Here is the important part: We estimate the Actual Mean to be around the Estimated Mean, and we draw an interval centered around the Estimated Mean. The size of this interval depends on the significance level, commonly denoted as $\alpha$, in this case $\alpha = 0.05$. The (yet unkown) interval is commonly denoted as $(EstimatedMean(\mathbf{X}) - r_\alpha, EstimatedMean(\mathbf{X}) + r_\alpha)$. And we want our data to be in this interval with a $1-\alpha$ chance. This gives an equation for $r_\alpha$: $$\Bbb{P}\Bigr(-\frac{r_\alpha}{S_{11}^*}\sqrt{11} \le t_{11-1} \le \frac{r_\alpha}{S_{11}^*}\sqrt{11}\ \Bigl) = 1-\alpha$$ Which can easily be transformed to: $$t_{11-1}\Bigr(\frac{r_\alpha}{S_{11}^*}\sqrt{11}\Bigl) - t_{11-1}\Bigr(-\frac{r_\alpha}{S_{10}^*}\sqrt{11}\Bigl) = t_{11-1}\Bigr(\frac{r_\alpha}{S_{11}^*}\sqrt{11}\Bigl) - \biggl(1- t_{11-1}\Bigr(\frac{r_\alpha}{S_{11}^*}\sqrt{11}\Bigl)\biggr)= \\ = -1 + 2t_{10}\Bigl(\frac{r_\alpha}{S_{11}^*}\sqrt{11}\Bigr) = 1-\alpha \iff \\ \iff t_{10}\Bigl(\frac{r_\alpha}{S_{11}^*}\sqrt{11}\Bigr) = 1 - \frac{\alpha}{2} \iff \\ \iff r_\alpha = \frac{t_{10}^{-1}\Bigl(\frac{\alpha}{2}\Bigr)S_{11}^*}{\sqrt{11}} = \frac{t_{10}^{-1}\Bigl(\frac{0.05}{2}\Bigr)S_{11}^*}{\sqrt{11}}$$ What is the p-value then? Simply put, the p-value$=\alpha$ substitution correctly solves the above equation for $r_\alpha$. This means, that the p-value is on the exact border on the interval, it's the $\alpha$, that's for which our null hypothesis is on the boarder of acceptance versus rejection. Solving the equation for $\alpha$ gives you the p-value: $$p-value = 2 - 2t_{10}\Bigl(\frac{r_\alpha}{S_{11}^*}\sqrt{11}\Bigr)$$ If the p-value is less than $\alpha$, then we reject the null hypothesis, if the p-value is greater than $\alpha$, then we accept the null hypothesis.

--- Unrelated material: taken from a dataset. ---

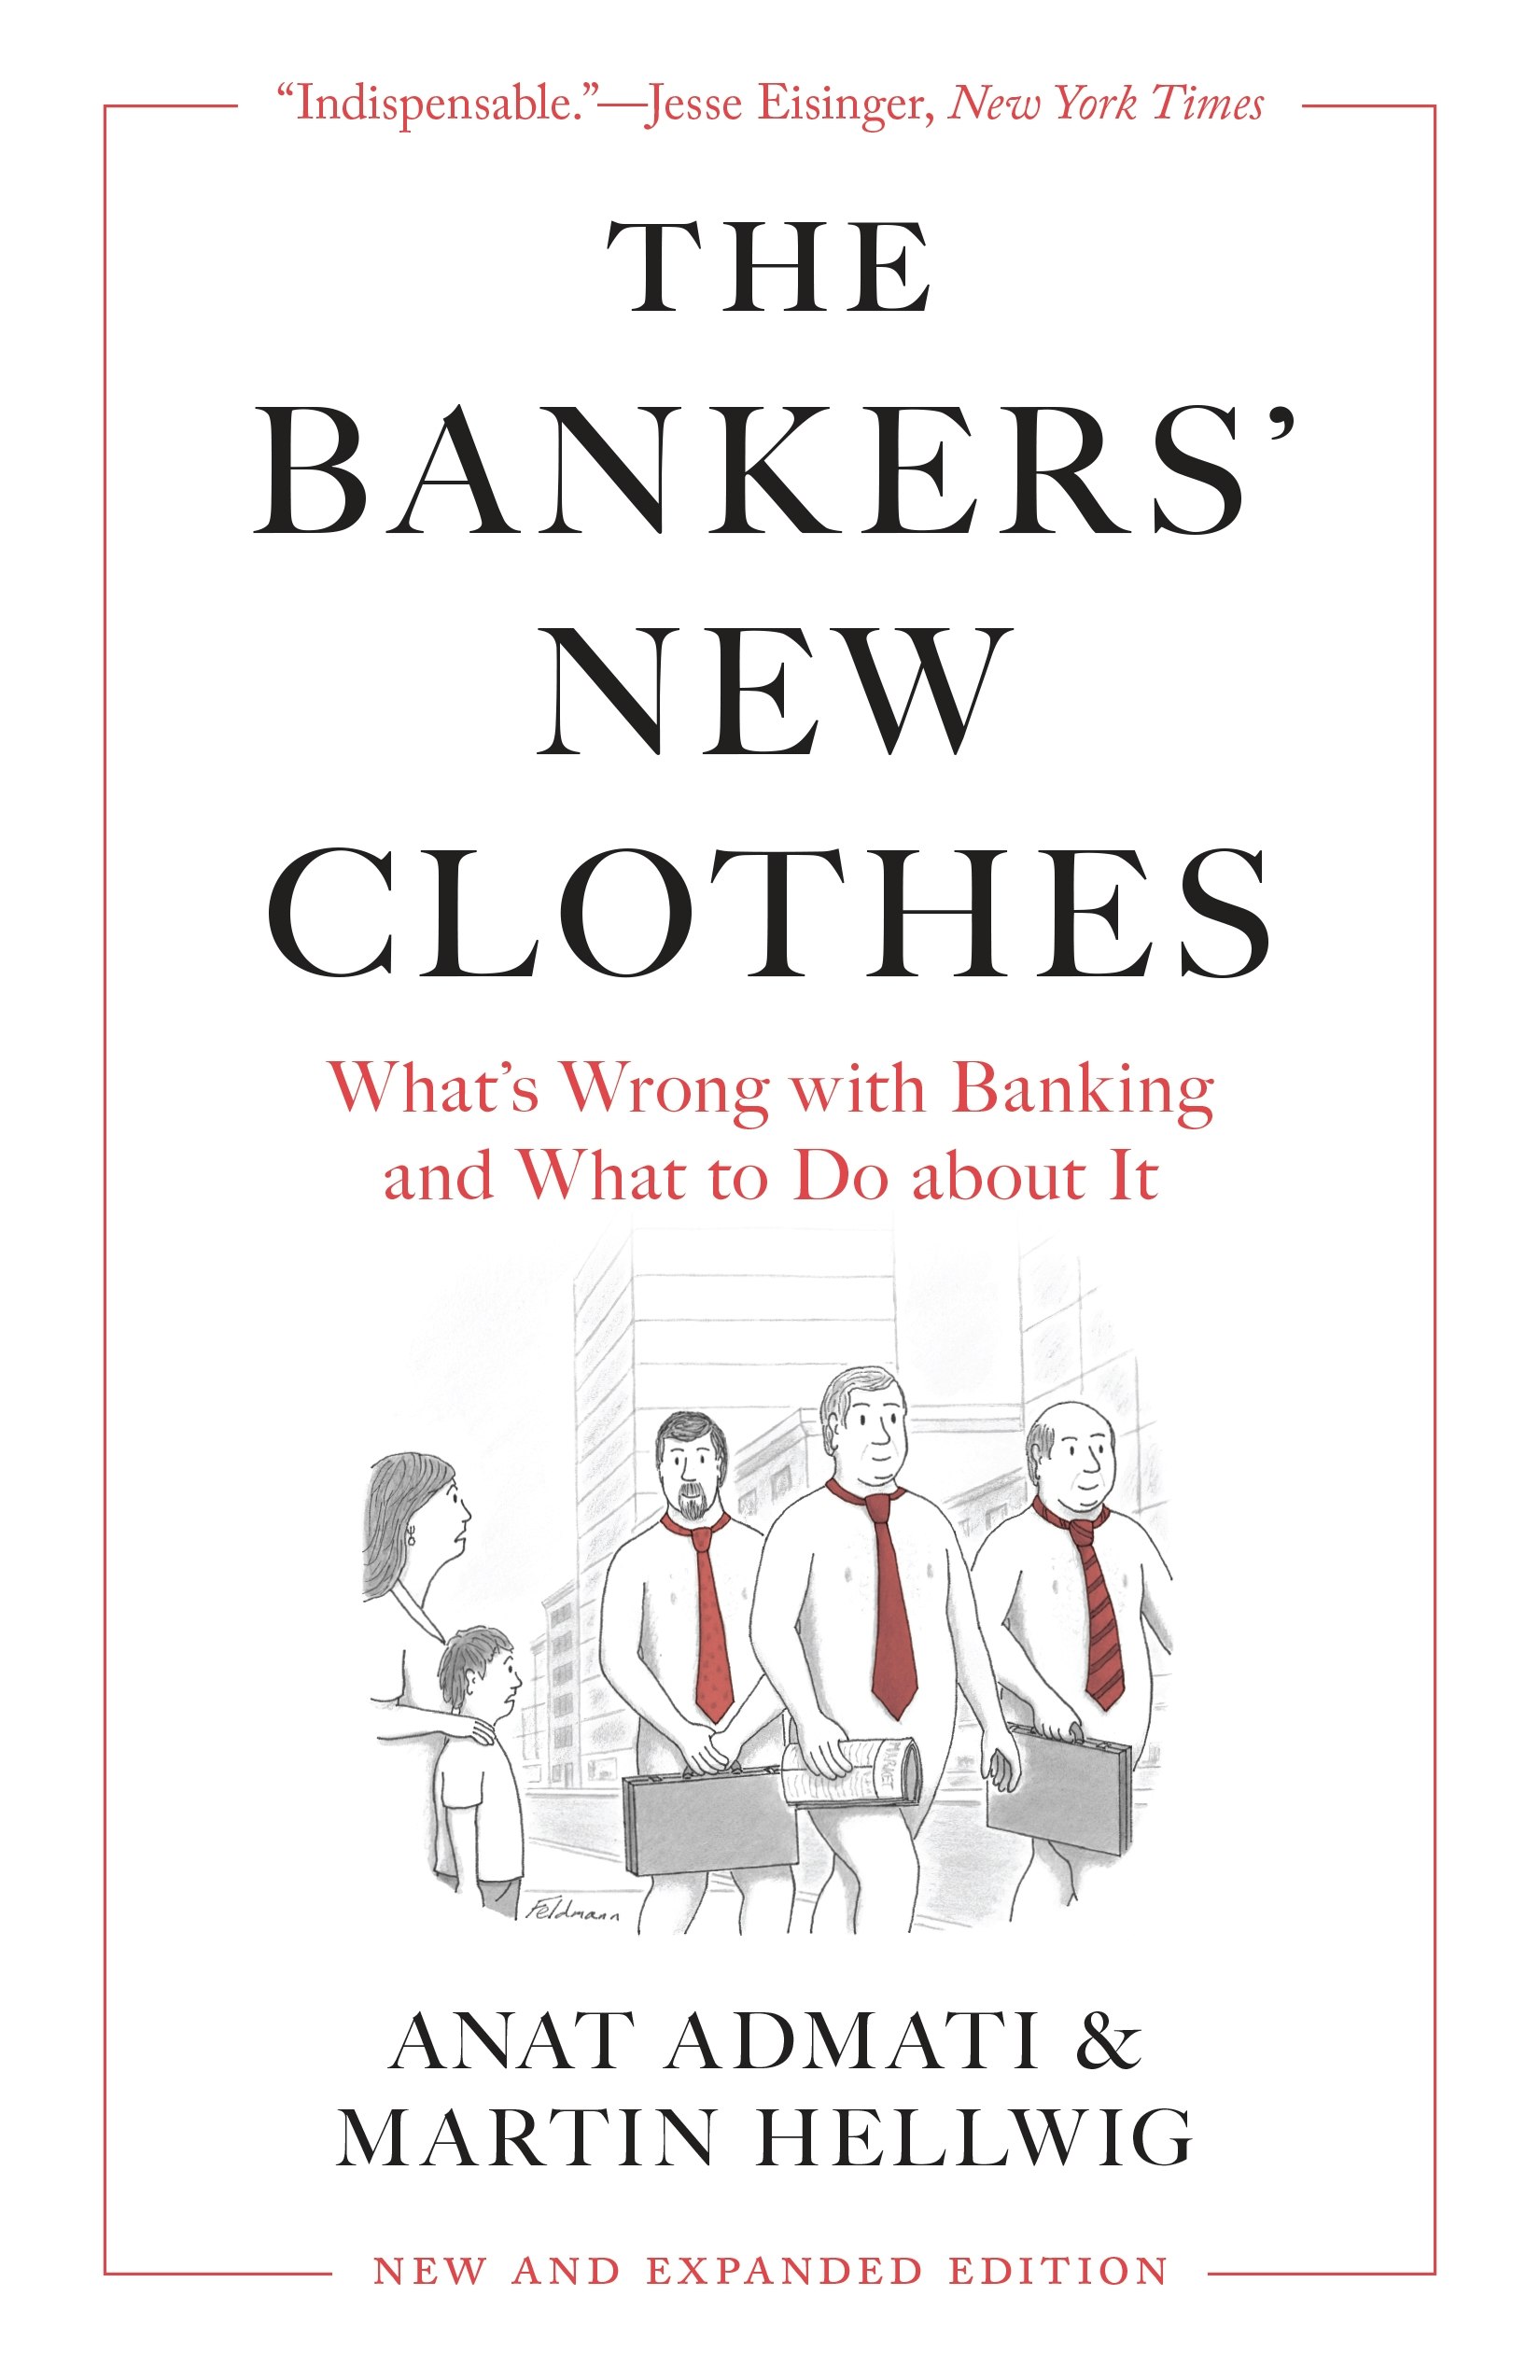 The　Bankers'　Press　Princeton　New　Clothes　University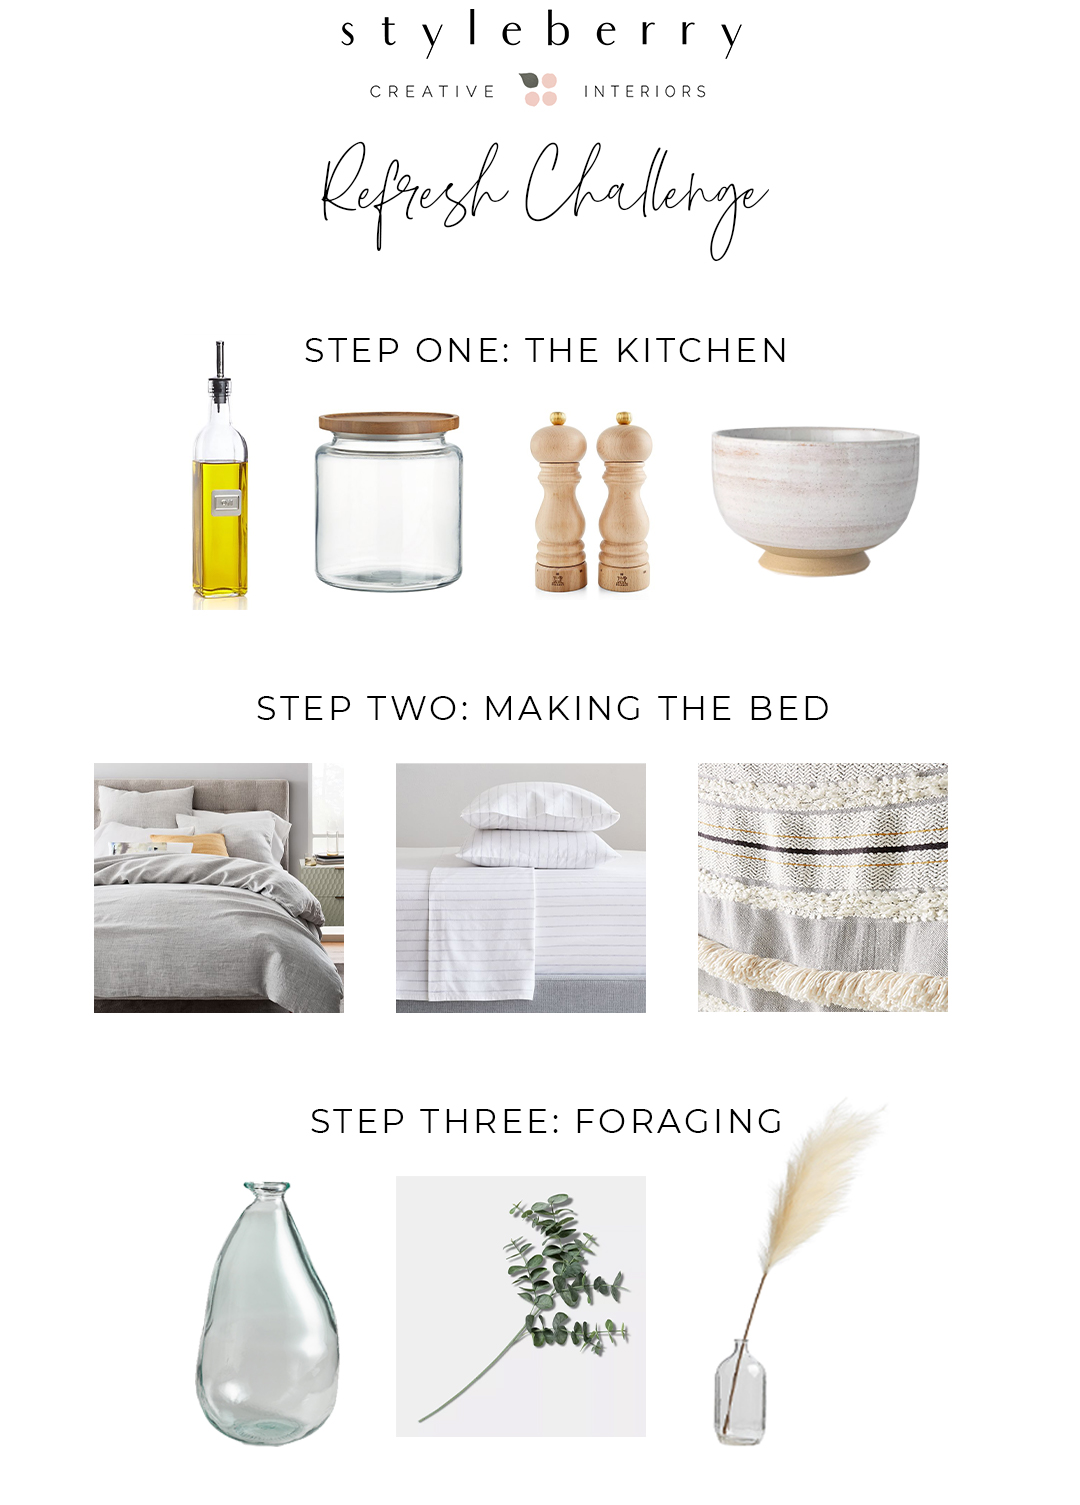 how to style your kitchen how to make a bed what to put in a vase | styleberry creative interiors

Additionally, the smaller the p-value is, the more we reject the null hypothesis, however, this is not true for the reverse. If the null hypothesis is right, then the distribution of the p-value is Uniform on $[0,1]$. That means that we have exactly an $\alpha$ chance to be wrong in acepting the null hypothesis.
Answering your original question: Your reasoning is not right. We accepted the null hypothesis because the p-value was greater than $\alpha$.